Les femmes de ménage de Harvard payées
Cet article relate une grève des femmes de ménage de l'université Harvard, qui ont obtenu une augmentation de salaire après avoir refusé de travailler pour 2 cents de l'heure. La publication souligne l'exploitation des travailleurs, en particulier des femmes, dans les institutions prestigieuses[30].
Le trust de l'acier
La publication dénonce le monopole des compagnies ferroviaires sur le prix de l'acier, qui est maintenu artificiellement élevé depuis dix ans. Elle critique l'influence des trusts sur l'économie et leur capacité à contrôler les prix au détriment des consommateurs[31].
Les « Hellertions » jouent tous les tons
Cet article décrit un nouvel instrument de musique, le *Hellertion*, qui utilise des tubes radio et des résistances pour produire tous les sons audibles par l'oreille humaine. La publication présente cet instrument comme une innovation majeure pour la musique, permettant à un seul musicien de jouer comme un orchestre entier[32].

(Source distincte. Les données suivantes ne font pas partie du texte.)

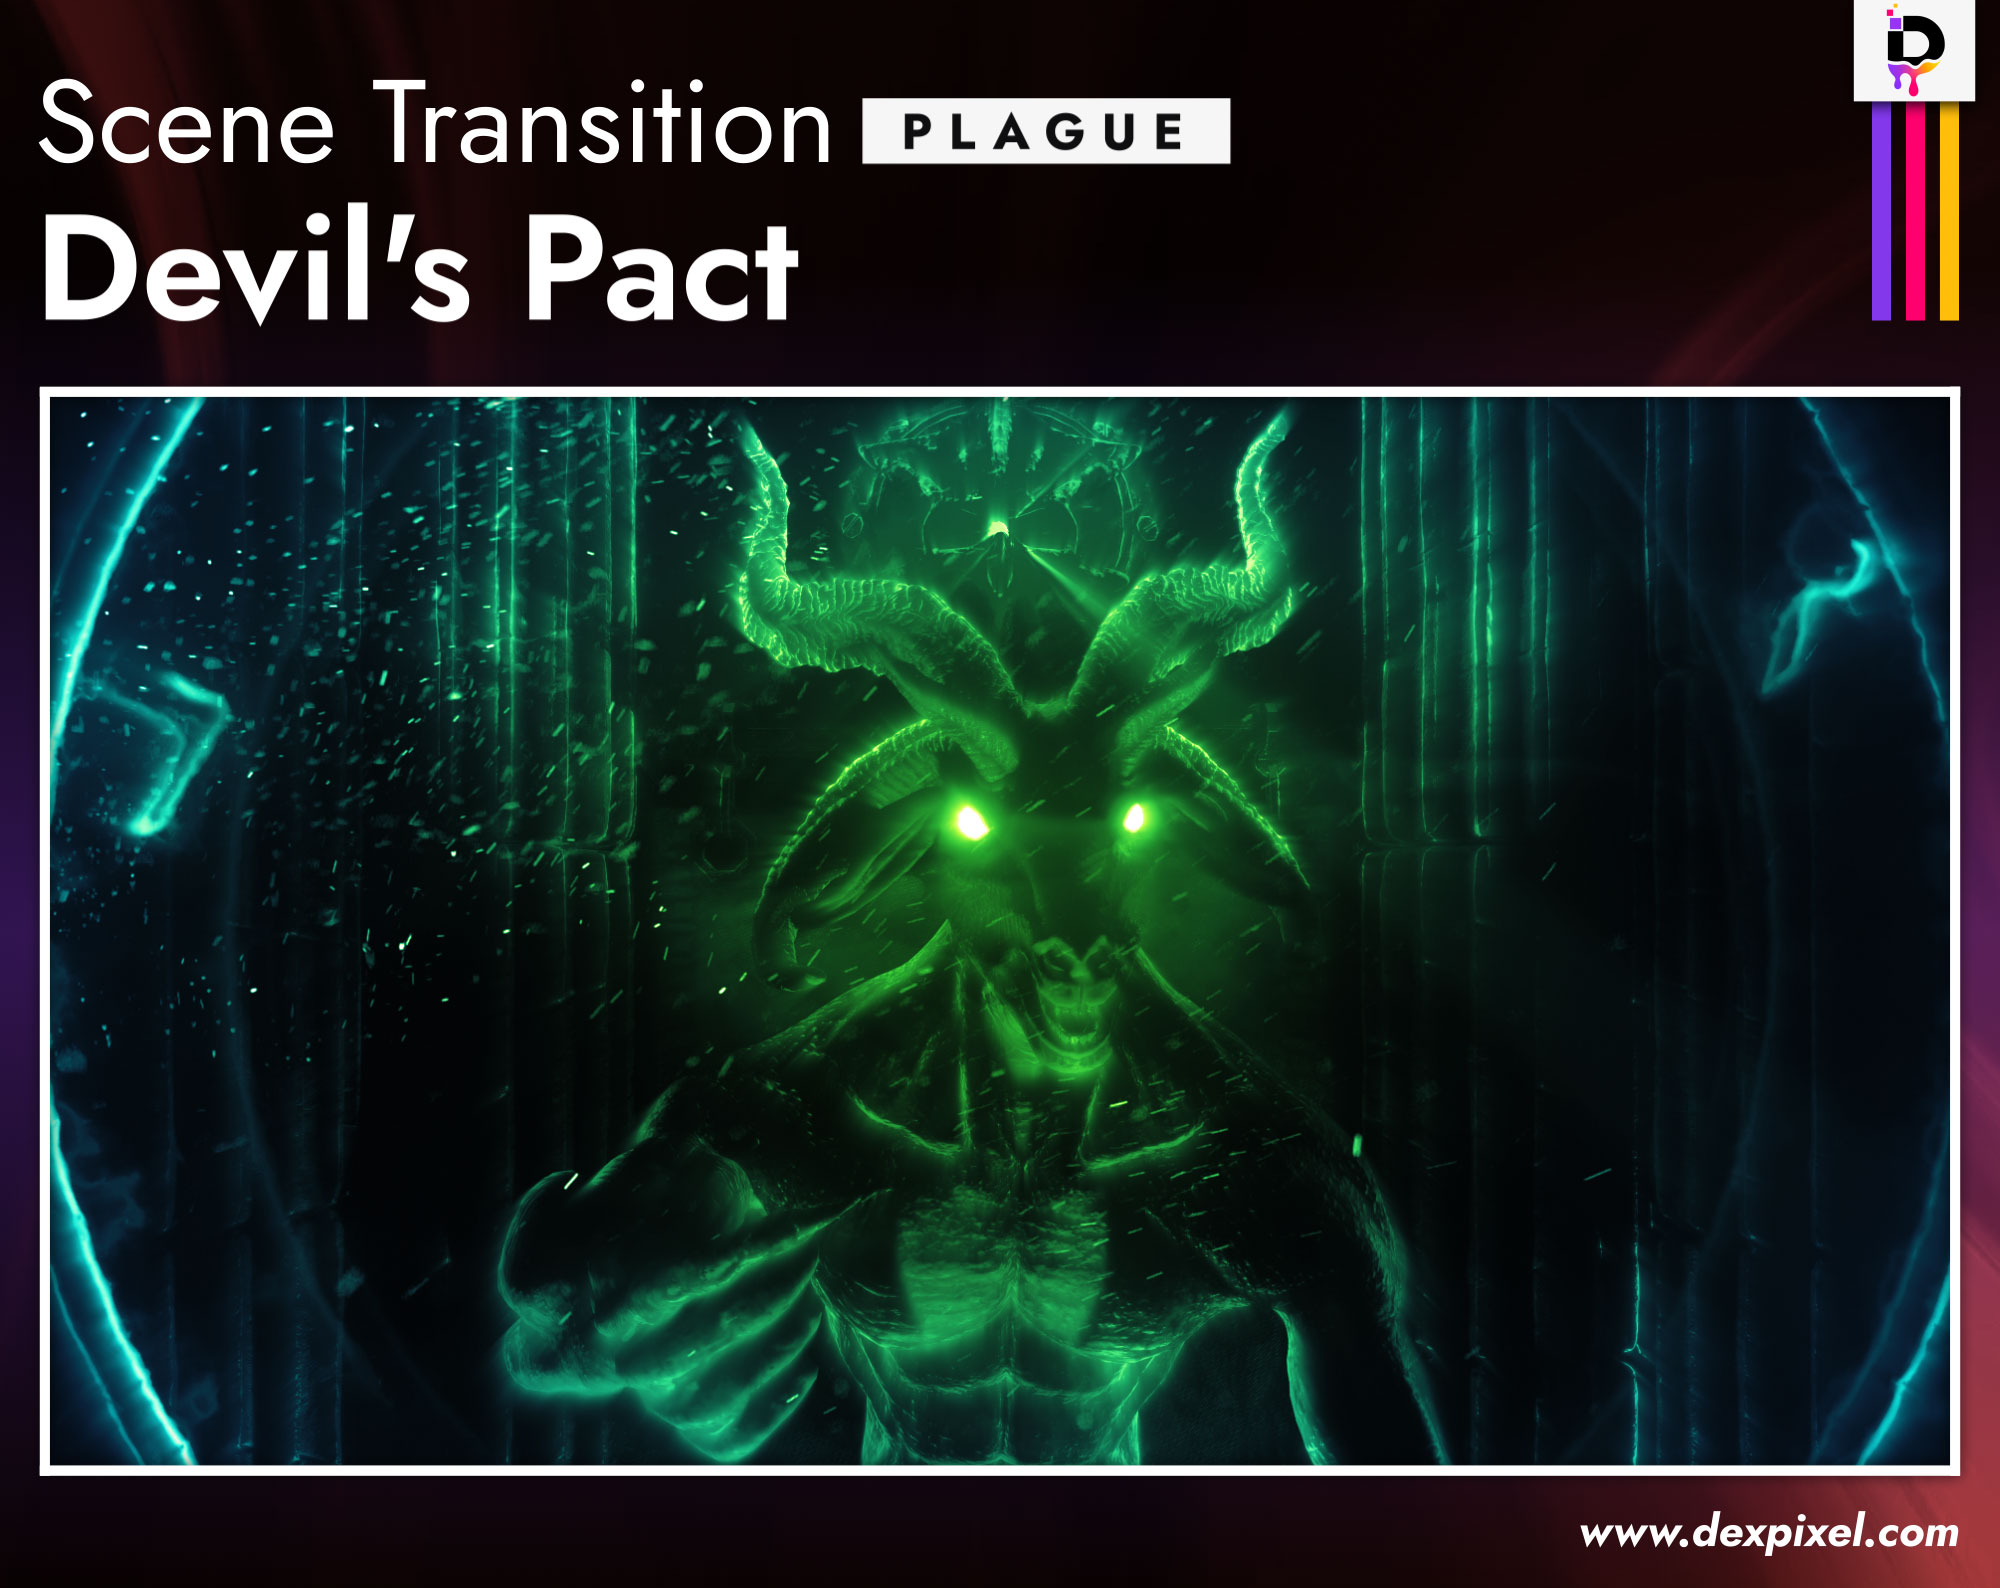 Scene Transition Dexpixel Devils Pact Plague

7,5 millions de dollars pour les écoles de l'Alabama
La publication annonce qu'un legs de 7,5 millions de dollars a été fait pour la création d'écoles progressistes en Alabama, réservées aux citoyens blancs, masculins et d'ascendance britannique. Elle critique cette restriction, qui exclut les femmes, les Noirs et les personnes d'autres origines, tout en soulignant l'importance de l'éducation[33].
9 600 mots par minute
Cet article relate une avancée technologique réalisée par des ingénieurs canadiens, qui ont réussi à transmettre 9 600 mots par minute sur deux lignes téléphoniques. La publication souligne le potentiel de cette innovation pour les communications futures[34].

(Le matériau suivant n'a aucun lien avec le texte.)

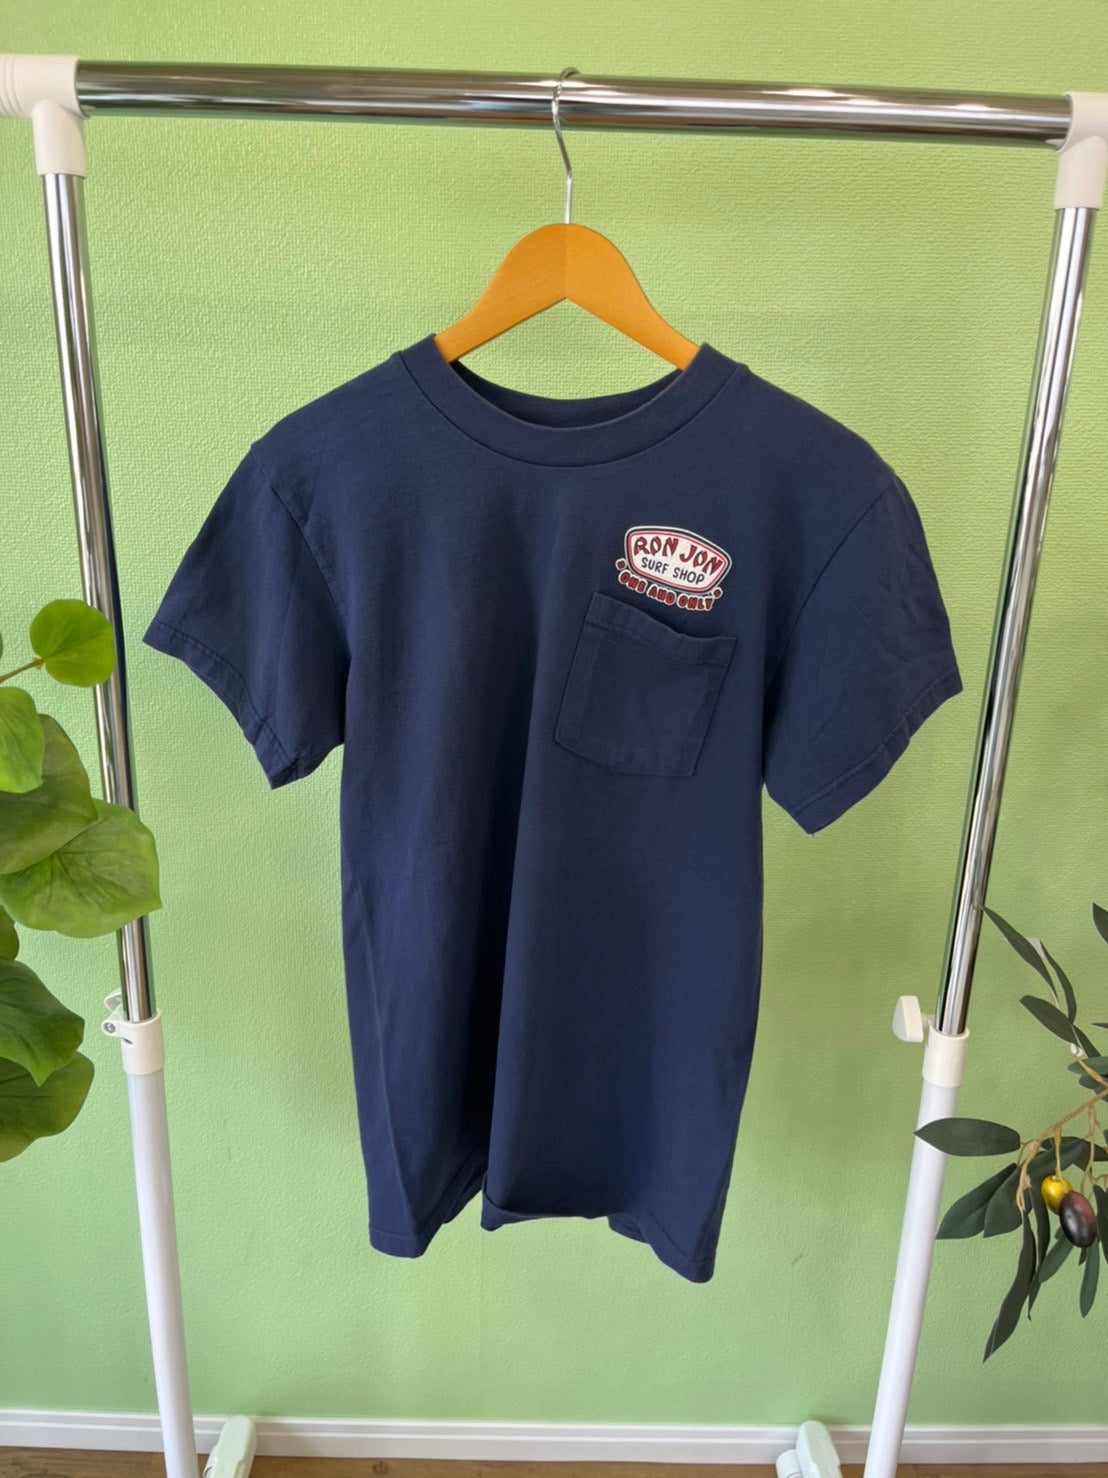 【RON JON】90's RonJon Surf Shop simple logo Vintage Pocket T-Shirt  （men's M)

Sears-Roebuck apprécie le nouveau calendrier
La publication rapporte que la société *Sears-Roebuck* a adopté un nouveau calendrier, divisant l'année en treize périodes de travail de vingt-huit jours chacune. Elle souligne que cette organisation permet des comparaisons plus précises des ventes, de la production et des coûts, et facilite la planification budgétaire[35].
Dieu derrière l'univers
Cet article présente les théories du physicien Robert A. Millikan, qui affirme que l'univers est constamment construit à partir d'hydrogène dans les profondeurs de l'espace interstellaire. La publication oppose cette vision à celle de Sir James Jeans, qui estime que l'univers est en train de « s'épuiser ». Elle souligne l'importance de la science pour comprendre les mystères de la création[36].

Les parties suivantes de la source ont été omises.